= Daniel Livermore =

Canadian academic and historian

J. Daniel Livermore is a Canadian academic and historian who was formerly a foreign service officer in Canada's Department of Foreign Affairs and International Trade.

Born in St. Catharines, Ontario, in 1946, Livermore was educated in public schools in St. Catharines (Edith Cavell Public School and Sir Winston Churchill Secondary School). He obtained his B.A. in History and Politics from Brock University in 1969, his Master's from Carleton University in 1970, and his PhD from Queen's University in 1975. He also did additional graduate work in international relations at Johns Hopkins University in Washington, D.C. In 1993–1994, he was the Skelton-Clark Fellow and Senior Visiting Associate at the Centre for International Relations at Queen's University.

Livermore joined Canada's Department of External Affairs (as it was then known) in 1975. Over the course of the next thirty years he served in a variety of headquarters roles. He was the director of the Human Rights Division, the Peacekeeping and Regional Security Division, and the Policy Planning Staff. He was also seconded to the Privy Council Office. He served abroad at the Canadian Permanent Mission to the United Nations, New York, the Canadian Embassy, Santiago, Chile, and the Canadian Embassy, Washington, D.C., where he was Minister-Counsellor and head of the political section.

Between 1996 and 1999, he was Canada's ambassador to Guatemala and El Salvador. From 1999 to 2002, he was the Canadian ambassador for mine action, responsible for coordinating Canadian policy and action in the international campaign to ban landmines. Upon leaving that position, he was awarded the Queen's Golden Jubilee Medal. The Canadian Landmine Foundation also cleared a 24,568 m2 landmine in Bosnia and Herzegovina in his honour.

Between 2002 and 2006, Livermore was Director General, Bureau of Security and Intelligence, in Foreign Affairs Canada.

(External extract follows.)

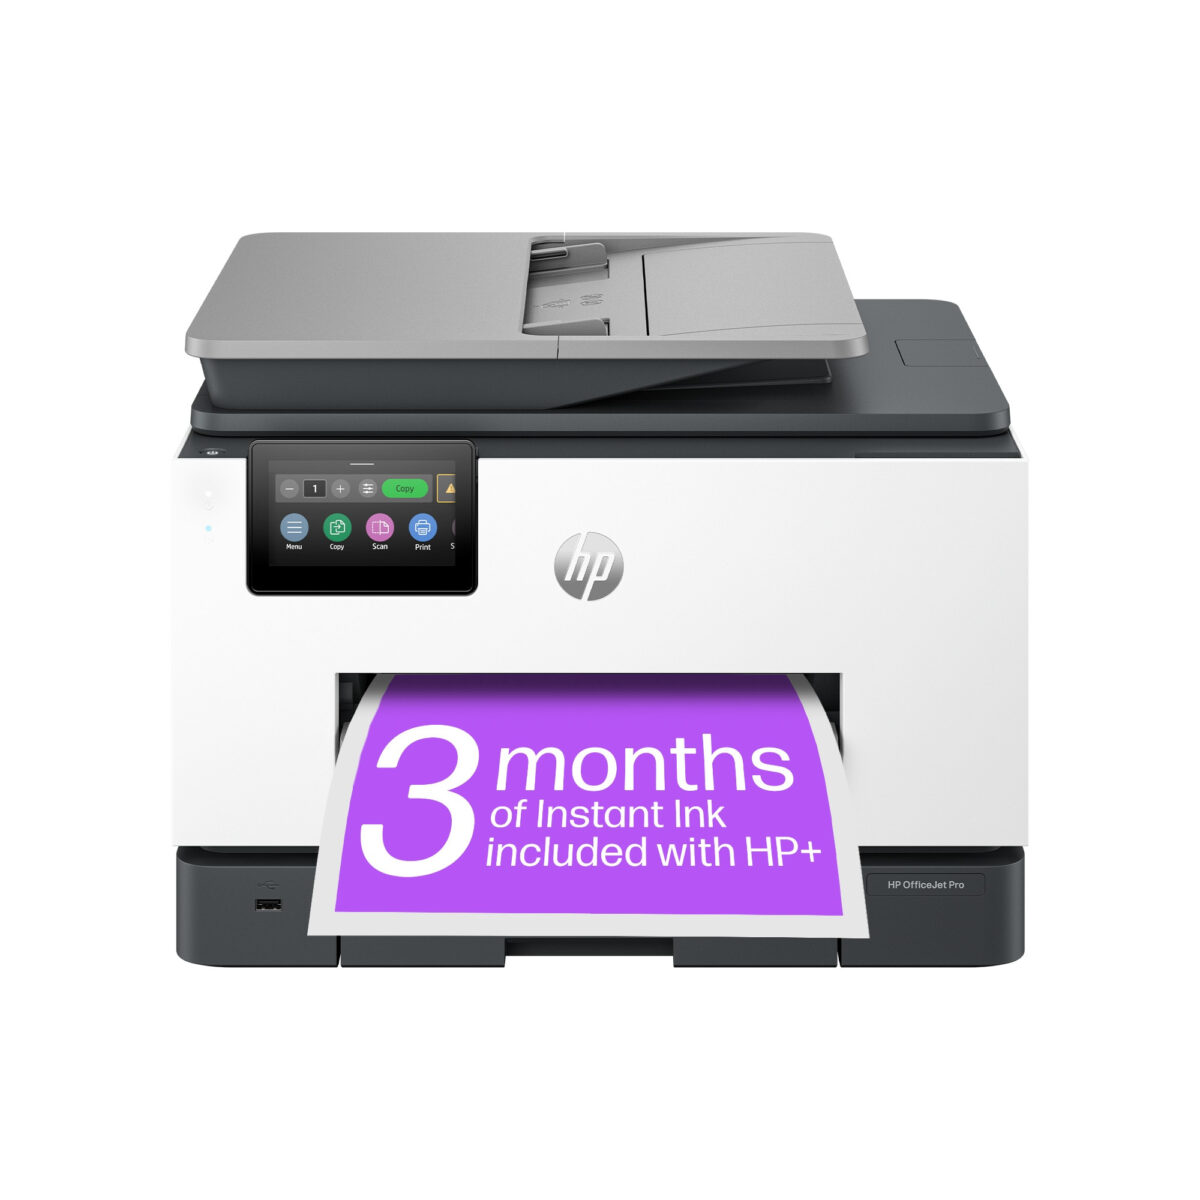 404M5B#686 HP OfficeJet Pro HP 9132e All-in-One Printer, Color, Printer for Small medium business, Print, copy, scan, fax, Wireless; HP+; HP Instant Ink eligible; Two-sided printing; Two-sided scanning; Automatic document feeder; Fax; Touchscreen; Smart Advance Scan; Instant Paper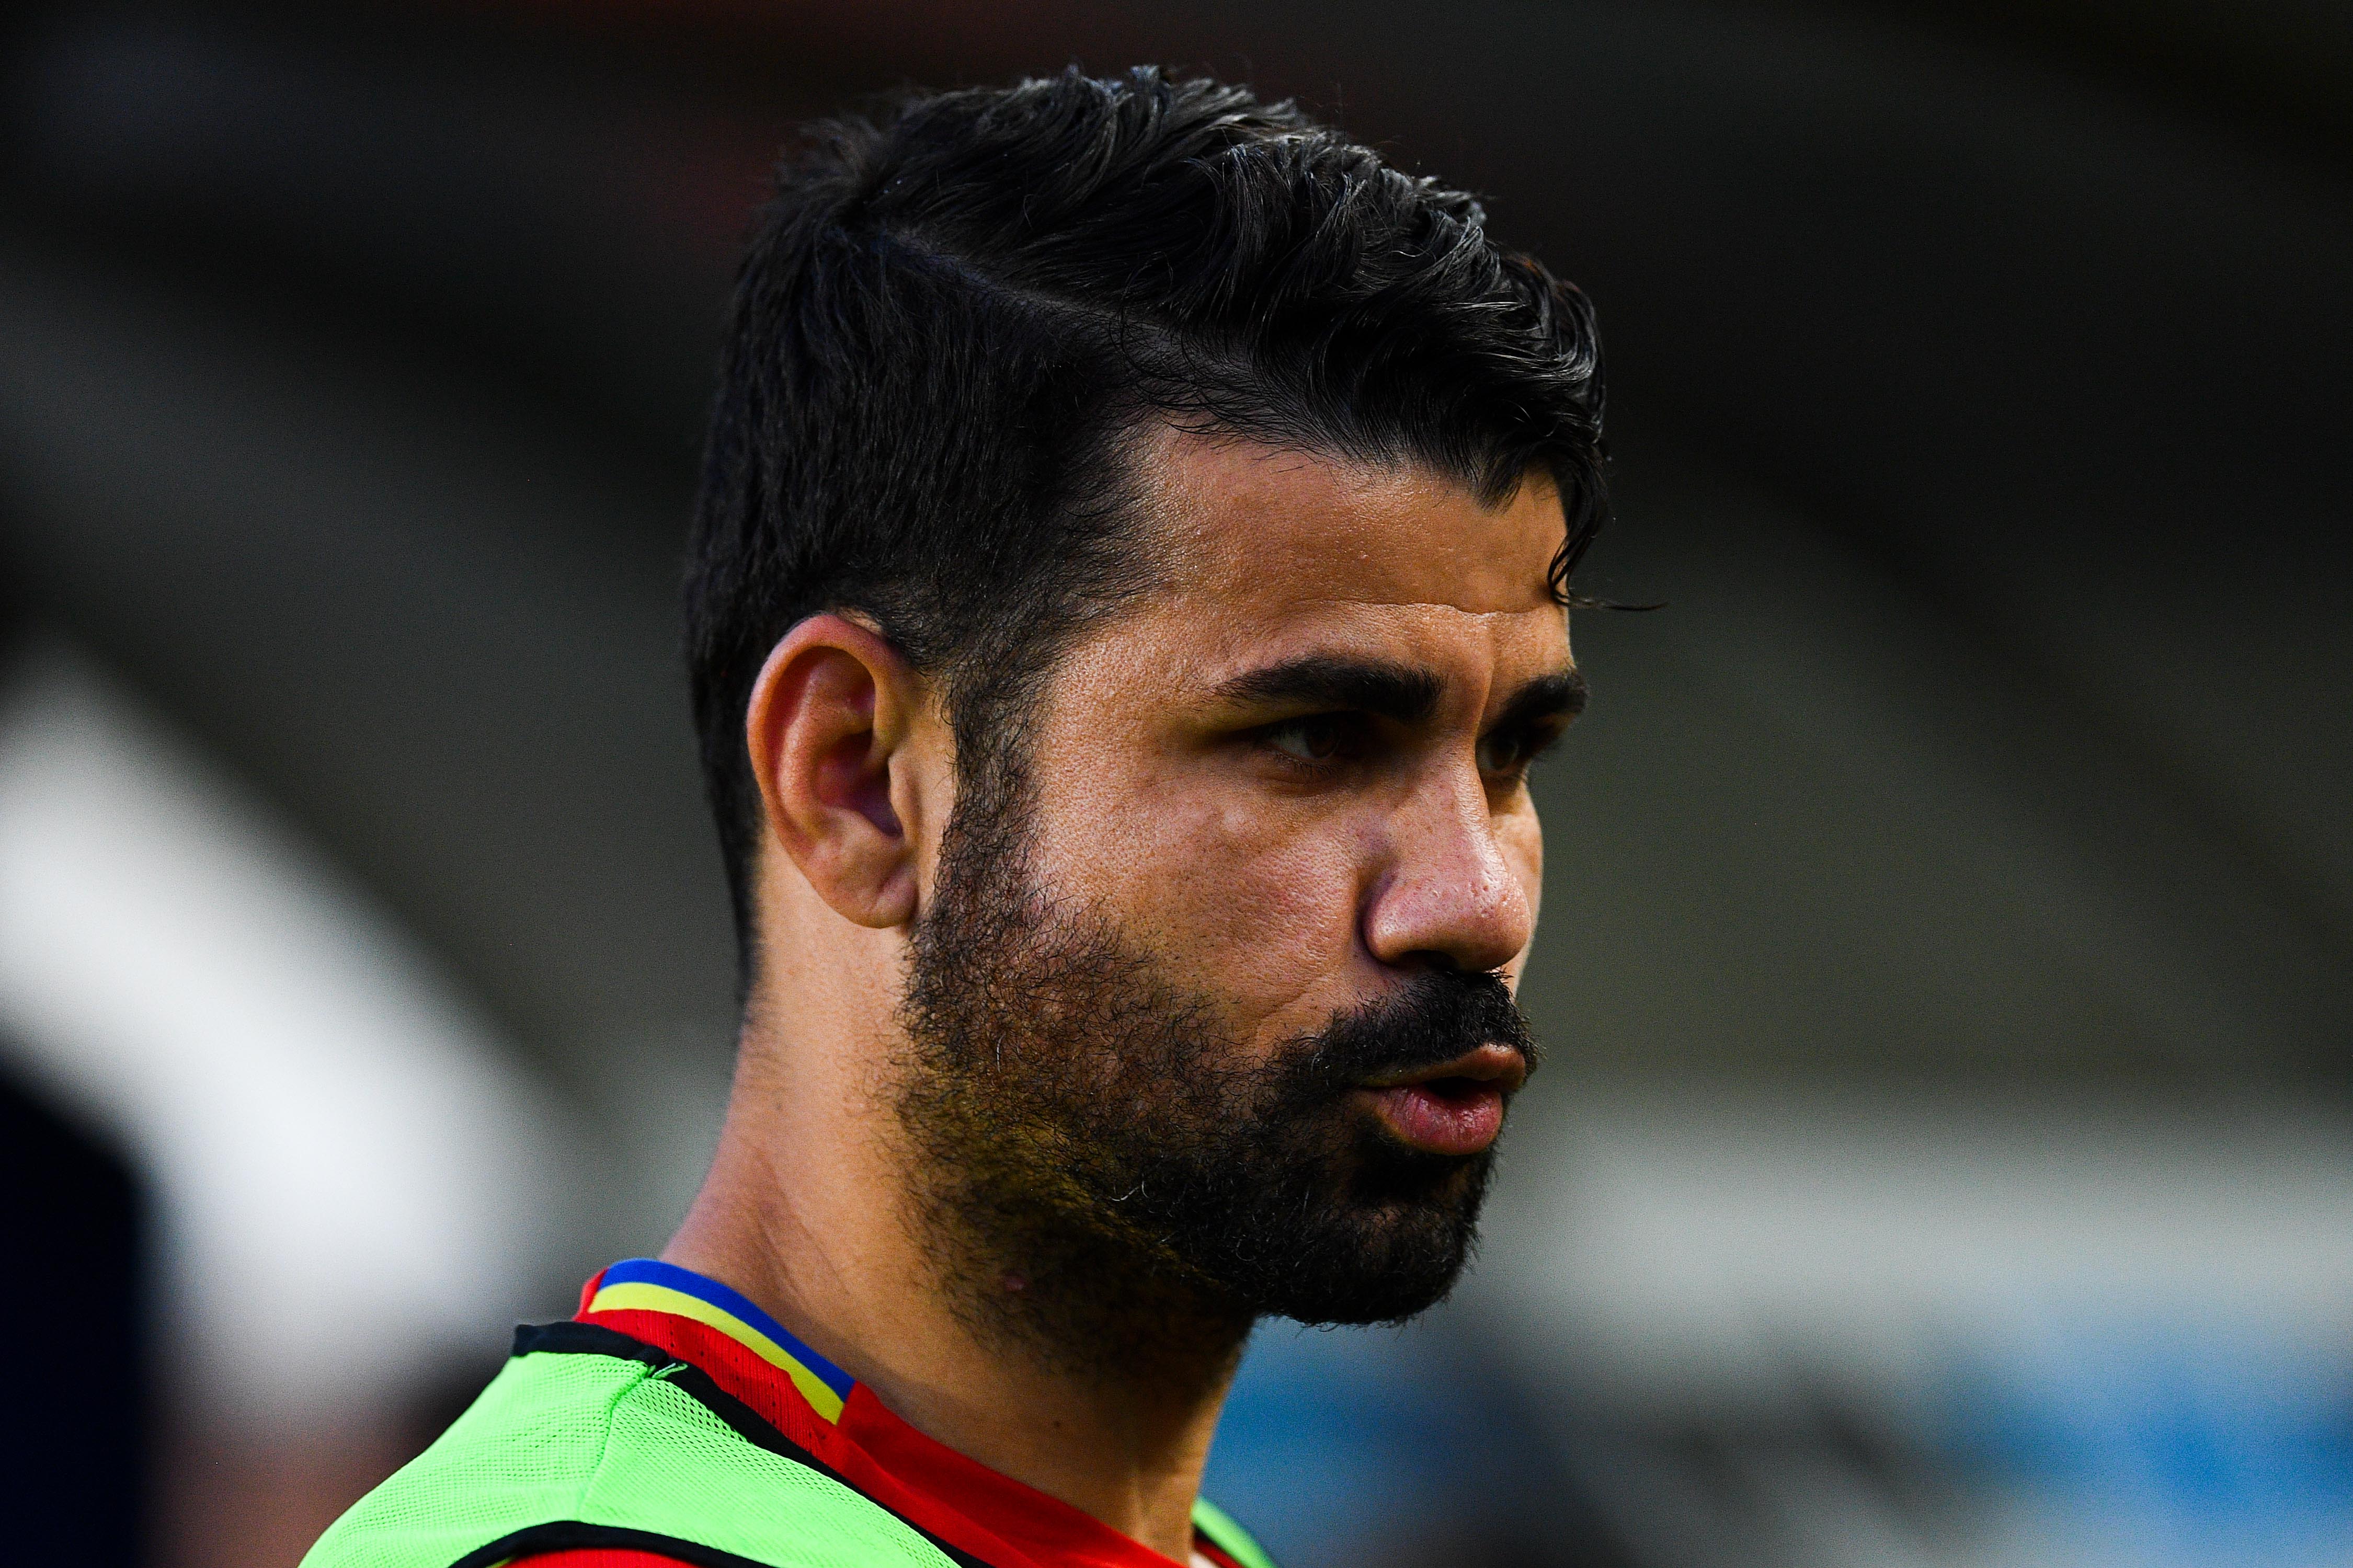 Does Costa still have a future at Chelsea? (Photo courtesy - David Ramos/Getty Images)

He retired from the Canadian foreign service in 2007.

He has published extensively in international relations and history. While at Queen's University in 1993–1994, he published a monograph, Human Rights in the New Europe. In 2018, he published "Detained: Islamic Fundamentalist Extremism and the War on Terror in Canada" with McGill-Queen's University Press, based in part on his extensive knowledge of issues relating to Canadians detained in the War on Terror in his last assignment in the Canadian government as director general for security and intelligence in Foreign Affairs Canada. In 2020, he published a Canadian history book, "wandering willie: The memoirs of William McDougall, 1822-1905, Canada's Forgotten Father of Confederation."

Livermore served for eight years as senior mentor at the Canadian Forces College in Toronto. He is currently an honorary senior fellow at the University of Ottawa's Graduate School of Public and International Affairs and is a senior visiting fellow at the Bill Graham Centre for Contemporary International History, Trinity College, University of Toronto. He is a member of the board of CANADEM, the Canadian NGO based in Ottawa. He has also served on the board of the Canadian Landmine Foundation and the Ottawa chapter of the Canadian Prostate Cancer network. He is currently co-president (with Gerald Cossette) of the Canadian Foreign Service Alumni Forum, a recently formed organization of former members of the Canadian foreign service. He publishes on Canadian foreign policy and does occasional blogs through the Centre for International Policy Studies (CIPS) at the University of Ottawa.